ME: "Jenny says she's with your mother. Did your mother have a mental illness?"
GRACE: "Yes. She was in and out of mental homes most of our childhood."
ME: "Jenny is saying that mom's mental illness has been lifted. She's showing me a clear plastic casing around your mom that was lifted off of her upon arriving in heaven. Jenny's smiling because she says it's such a joy to finally get to know your mom as she really is. Your mom is really a lovely soul, a very bright light."
I could tell Grace didn't know what to make of what I was saying. I tried to explain it to her the way Jenny and my guides were showing it to me.
ME: "If you think about it, didn't your mom and her behavior make you a better person? You're incredibly strong, you can endure and face many challenges, you're independent and you definitely know how to stand on your own two feet. That is your mom's gift to you. She chose to incarnate with this mental illness to teach you these lessons. It's really quite a sacrifice on her part."
GRACE: "I never thought of it that way."
Neither had I. It still amazes me as I sit here writing this. I wonder if it's true for all mentally ill people or just some? I don't know. All I know is that Grace and Jenny's mom is a highly evolved soul who chose to live a life of chaos and pain just to teach these ladies some very important and difficult lessons.
I really believe that we're all here to learn one thing -- LOVE -- in all its many facets: joy, passion, compassion, forgiveness, empathy, surrender, trust and on and on. I love my job because I learn so much from every reading. And most of what I learn leads to more questions. Why do we have to learn lessons the hard way? I mean I get that we have to experience something ourselves to truly understand it. Pretend, for example, that you have to explain to an alien what Christmas is. You could show the alien It's a Wonderful Life, Miracle on 34th Street, even A Christmas Story and read all the books on Christmas, but the alien wouldn't really understand Christmas until he smelled the scent of fresh pine trees, felt the joy of giving and receiving gifts, experienced the solemnity of a Christmas service, put out a plate of freshly bakes sugar cookies for Santa and smelled the freshness of the first snow. I get that. But I still wonder, couldn't Grace and Jenny have learned the lessons of strength, forgiveness, compassion and independence in gentler ways than a childhood lived walking on eggshells?

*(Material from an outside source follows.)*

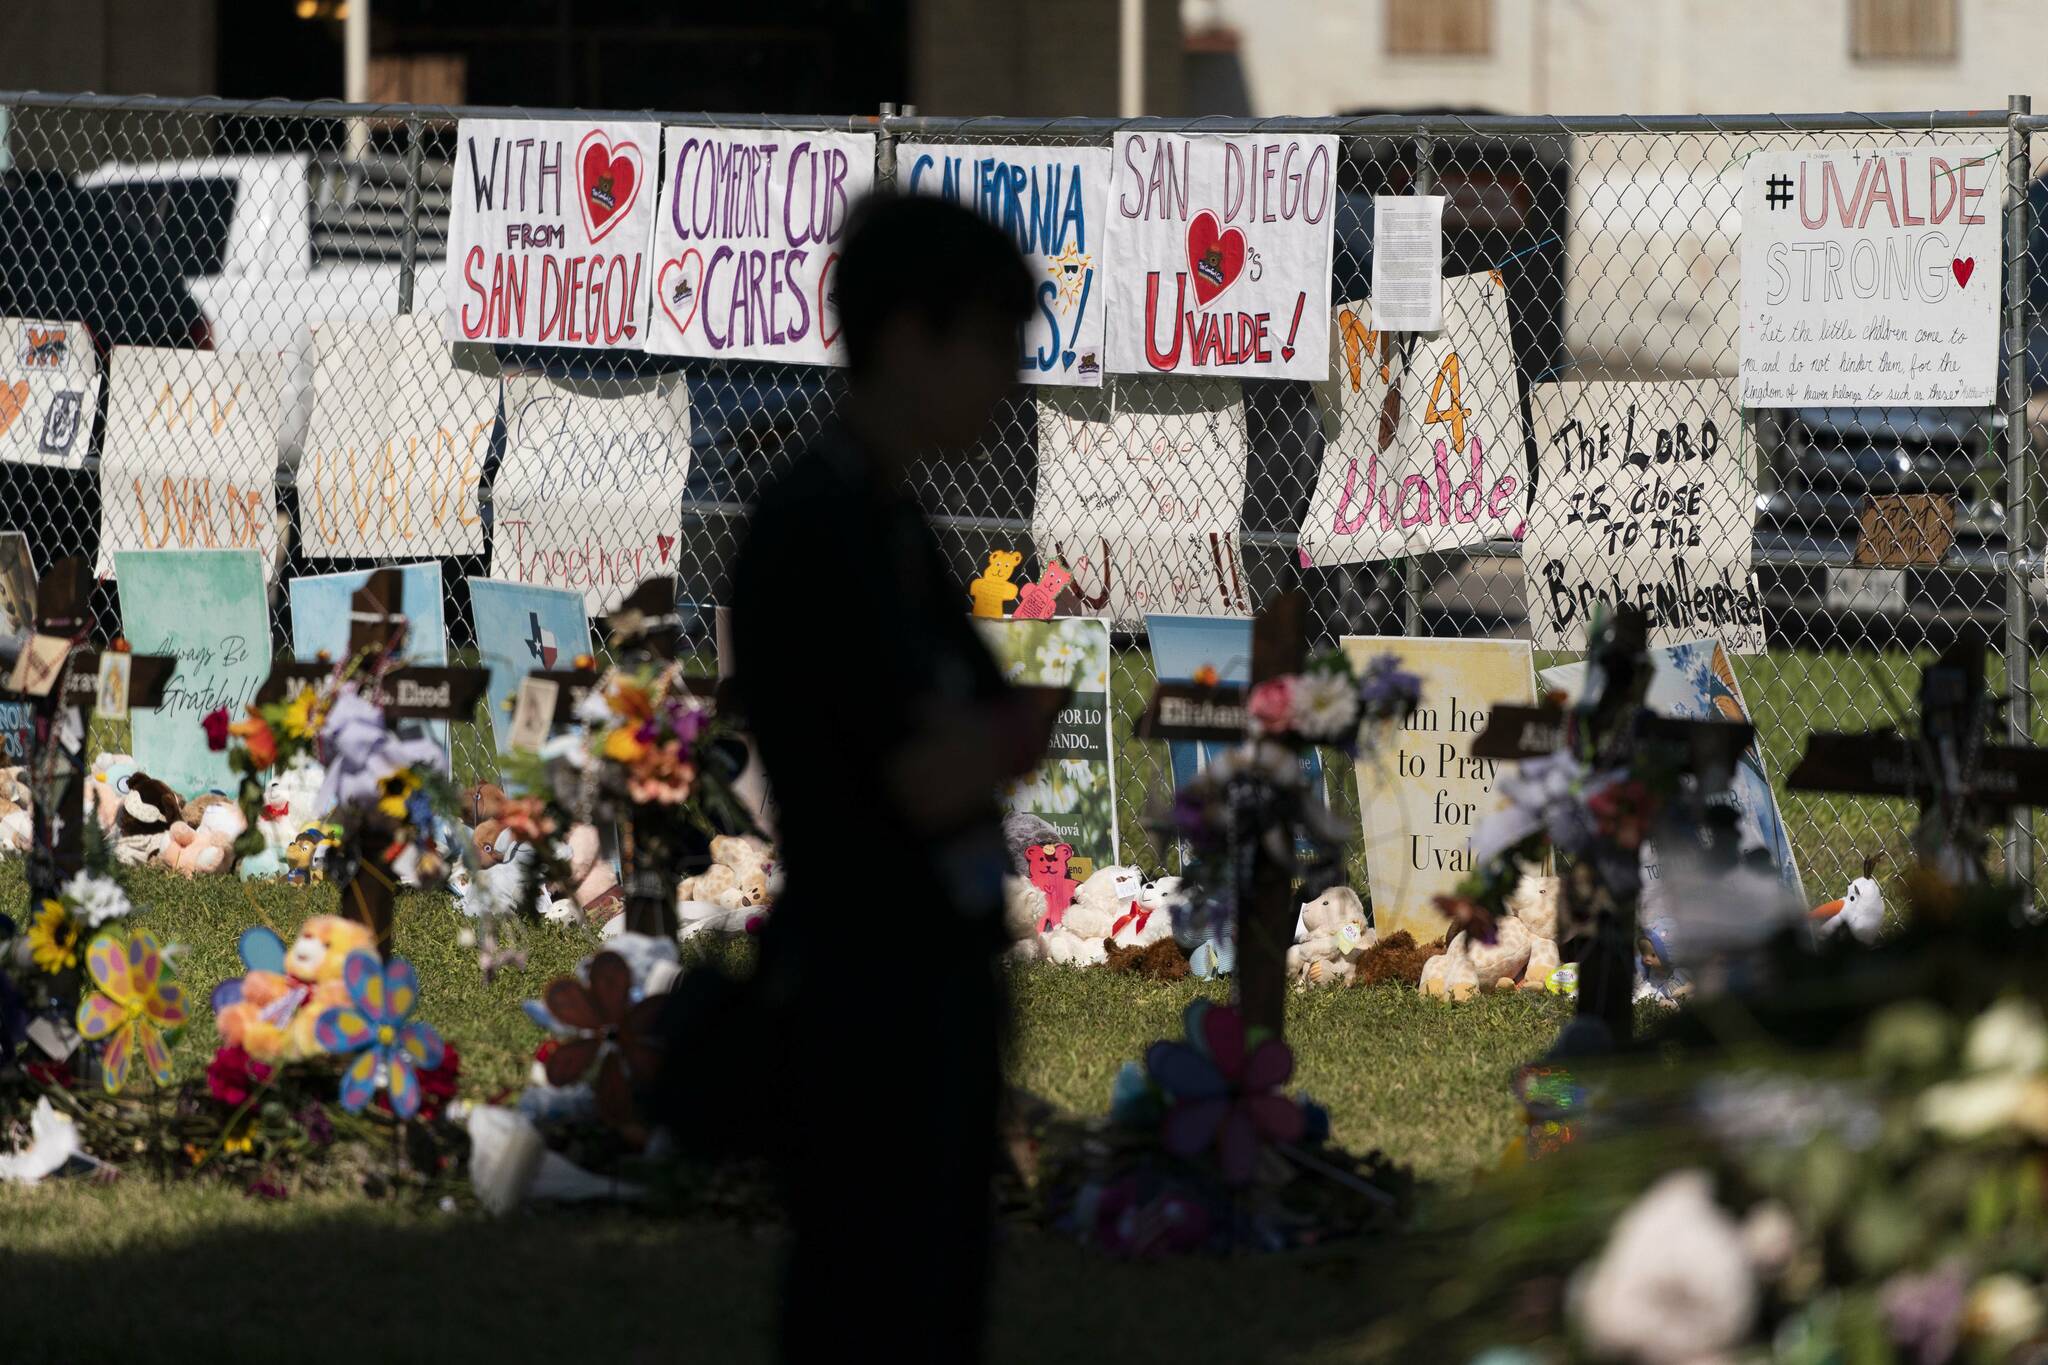 A woman visits a memorial honoring the victims killed in last week’s elementary school shooting in Uvalde, Texas, Friday, June 3, 2022. It’s hard to say exactly when some Texas educators began to feel like they were under siege, but the massacre of 19 students and two teachers at Robb Elementary School is only the latest, horrific episode in a string of events dating back years. (AP Photo/Jae C. Hong)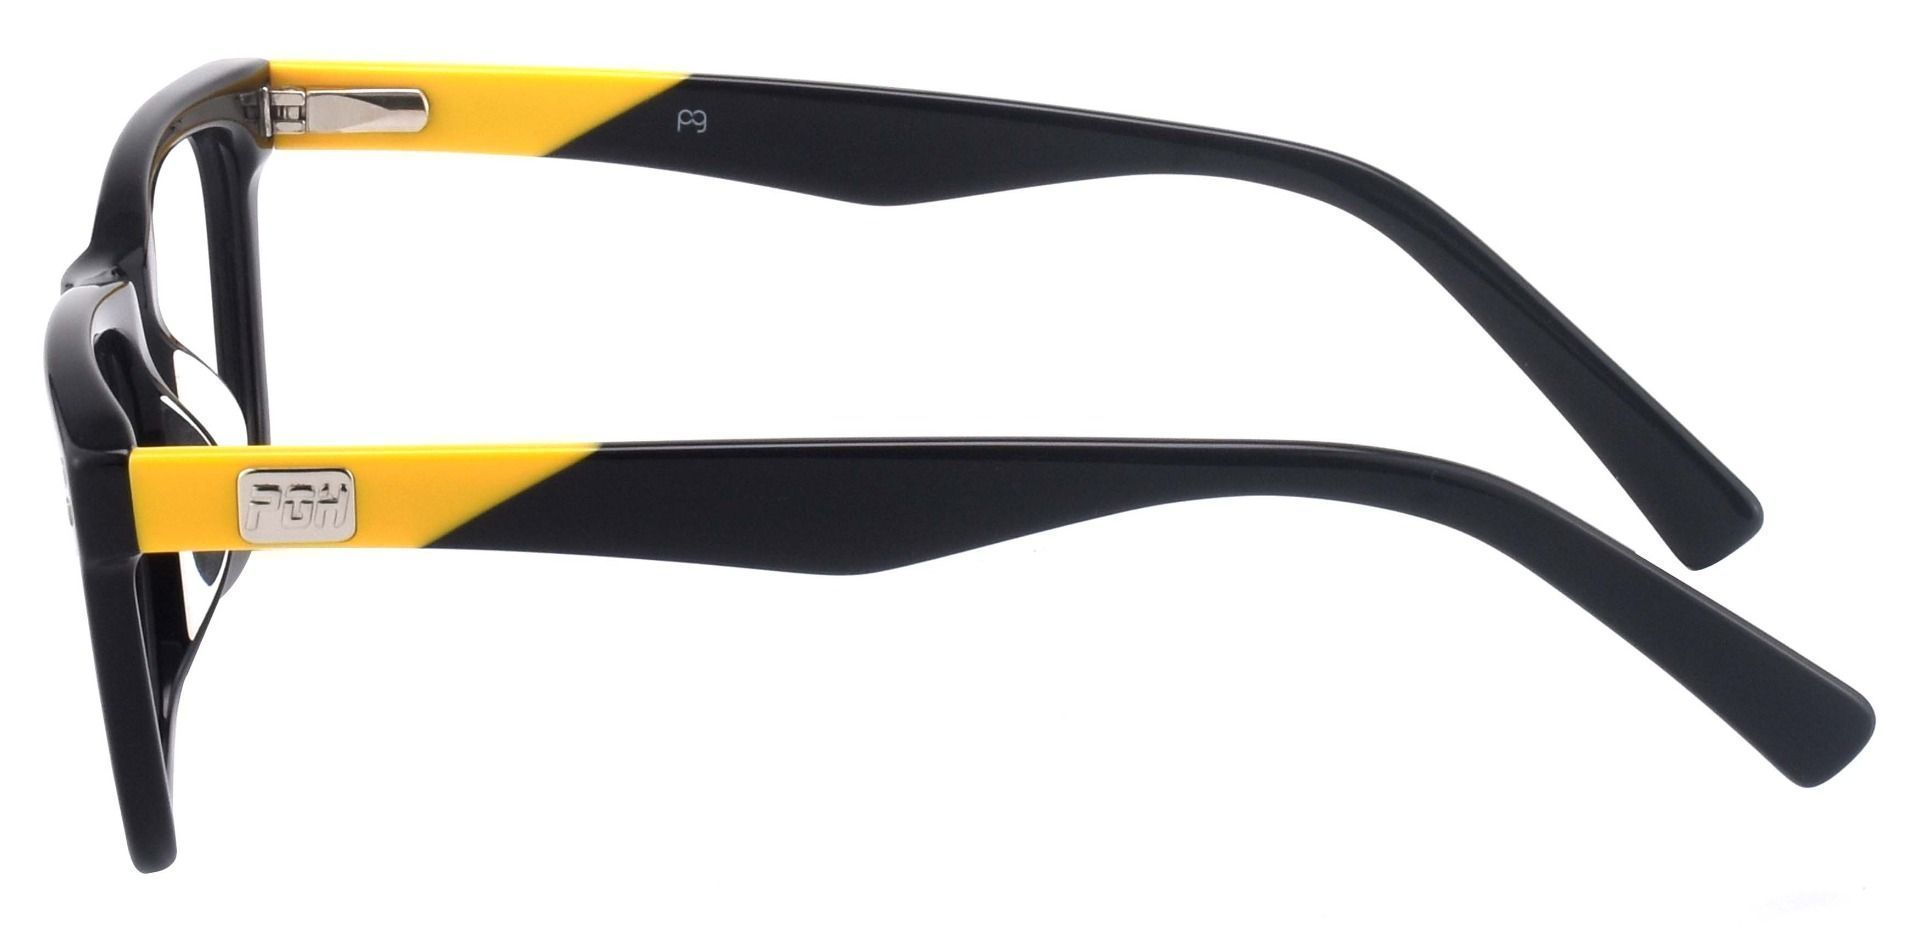 Liberty Rectangle Lined Bifocal Glasses - The Frame Is Black And Gold

And what kind of love, strength and compassion does the soul of the mother need to have to agree, volunteer even, to live a life battling this mental illness just to teach her daughters these lessons? Amazing.
I will forever enjoy the journey of seeking, the mystery of not knowing and the joy of experiencing it all.
Perhaps Rainer Rilke says it best:
"Be patient toward all that is unsolved in your heart. And try to live the questions themselves. Do not seek the answers that cannot be given you because you would not be able to live them. And the point is to live everything. Live the questions now. Perhaps you will then gradually, without noticing, live along some distant day into the answers."